Saudi Arabia’s Grand Mufti Sheikh Abdul Aziz Al-Asheikh
sometime back issued a new controversial fatwa suggesting that celebrating the birthday of Islam’s Prophet Mohammad (PBUH) is “sinful.”
Muslims around the world are celebrating the birth of the Prophet Mohammed (PBUH). In many countries, including Morocco, Muslims honored the birth of their Prophet in a ritual called the Mawlid.
These popular practices are festive occasions that are often celebrated by remembering episodes from the life of the Prophet or by reciting devotional poetry..
It is also an opportunity for parents to take their children with them to the mosque and teach them about the Prophet’s teachings, bravery, and forgiving character. Some families also make sure to donate to charity in honor of the Prophet’s birthday.
However, Saudi Arabia’s Grand Mufti and the General President for Scientific Researches and Fatwa Sheikh Abdul Aziz Al-Asheikh objects to such celebrations, according to Arab News.
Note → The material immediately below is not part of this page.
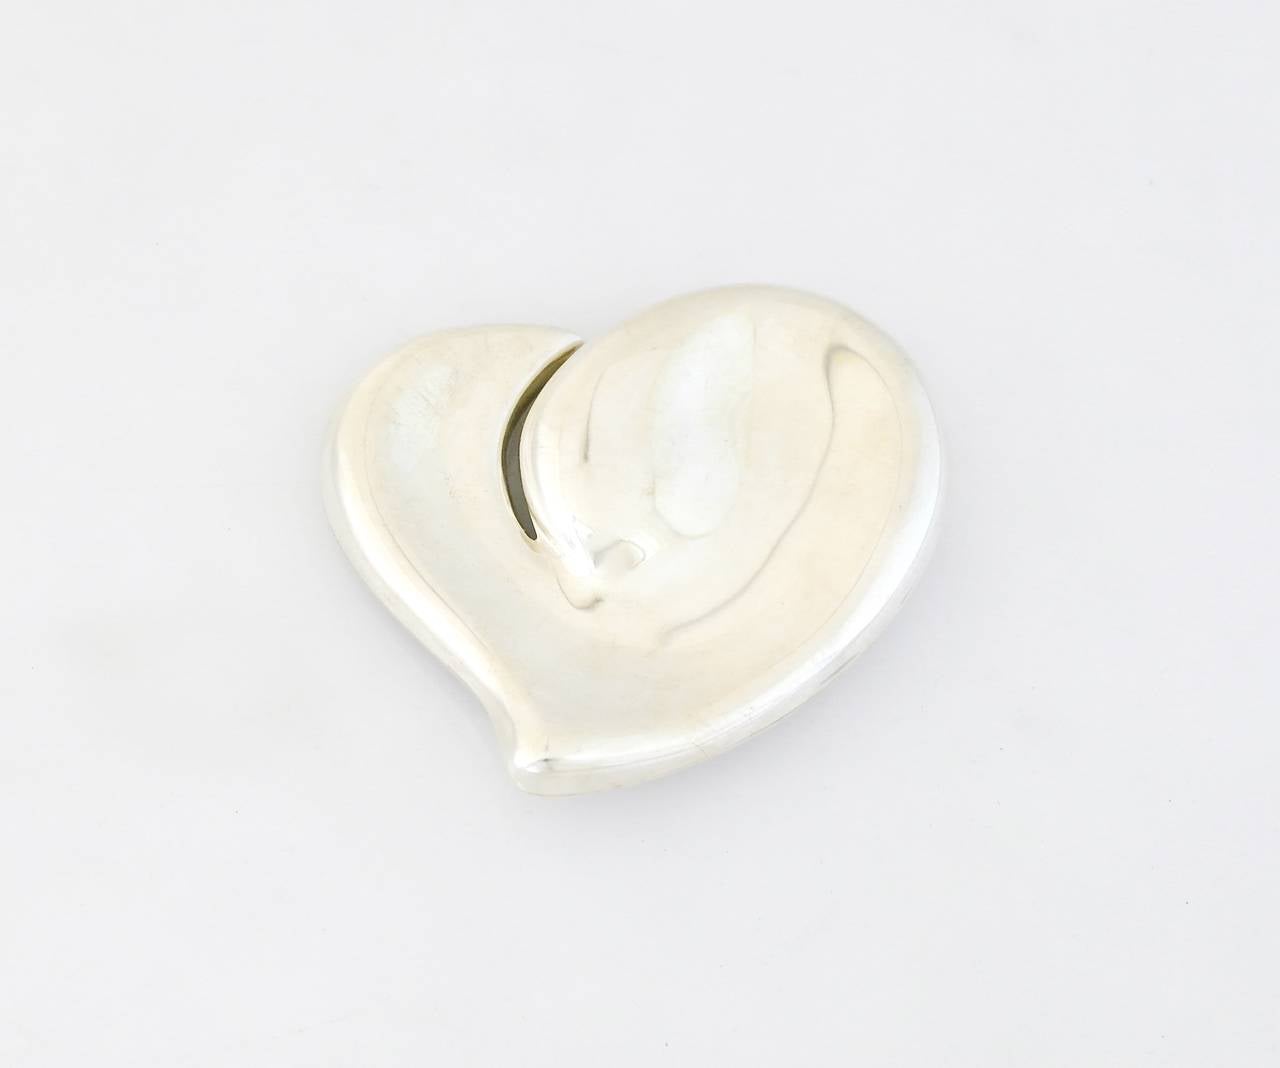 Being offered is a circa 1978 sterling silver belt buckle designed by Elsa Peretti for Tiffany & Co., comprising a figural modernist heart shaped form produced in Italy. Dimensions: 4

In his Friday congregational sermon at the Imam Turki bin Abdullah Mosque in Riyadh, Sheikh Abdul Aziz Al-Asheikh reportedly said that celebrating the Prophet’s birthday is a bidaa- sinful religious innovation-that “crept into Islam after the first three centuries, when the companions and successors of the companions lived.”
He also claimed that those who urge others to celebrate the birthday of the Prophet are “evil and corrupt.”
The Grand Mufti clarified that love of the prophet should be expressed by following the Prophet’s teachings detailed in the Sunnah, rather than celebrating his birthday.
In an attempt to support his claims, he quoted a verse from the holy Quran, in which Allah says: “If you do love Allah, follow me: Allah will love you and forgive your sins.”
On the other hand, Omid Safi, Director of Duke University’s Islamic Studies Center, says that Muslims who honor Muhammad’s birthday do it out of a deep love for Muhammad that brings them closer to God. He explained saying:
“For those who identify as Salafi, and wish to abide only by practices that they believe originate in the Qur’an and the example of Muhammad, it is a way of honoring the desire to practice Islam as Muhammad would have wanted us to do, without what is deemed to be later accretions and potentially dubious practices.”
“As the Prophet himself is to have said, disagreement among the scholars is a mercy,” Omid Safi concluded.
This is not the first time Sheikh Abdul Aziz Al-Asheikh has released a controversial fatwa.
Last year, while several demonstrations were being organized in Arab and non-Arab countries in solidarity with the Gaza Strip, he said that these demonstrations “are just useless demagogic actions.”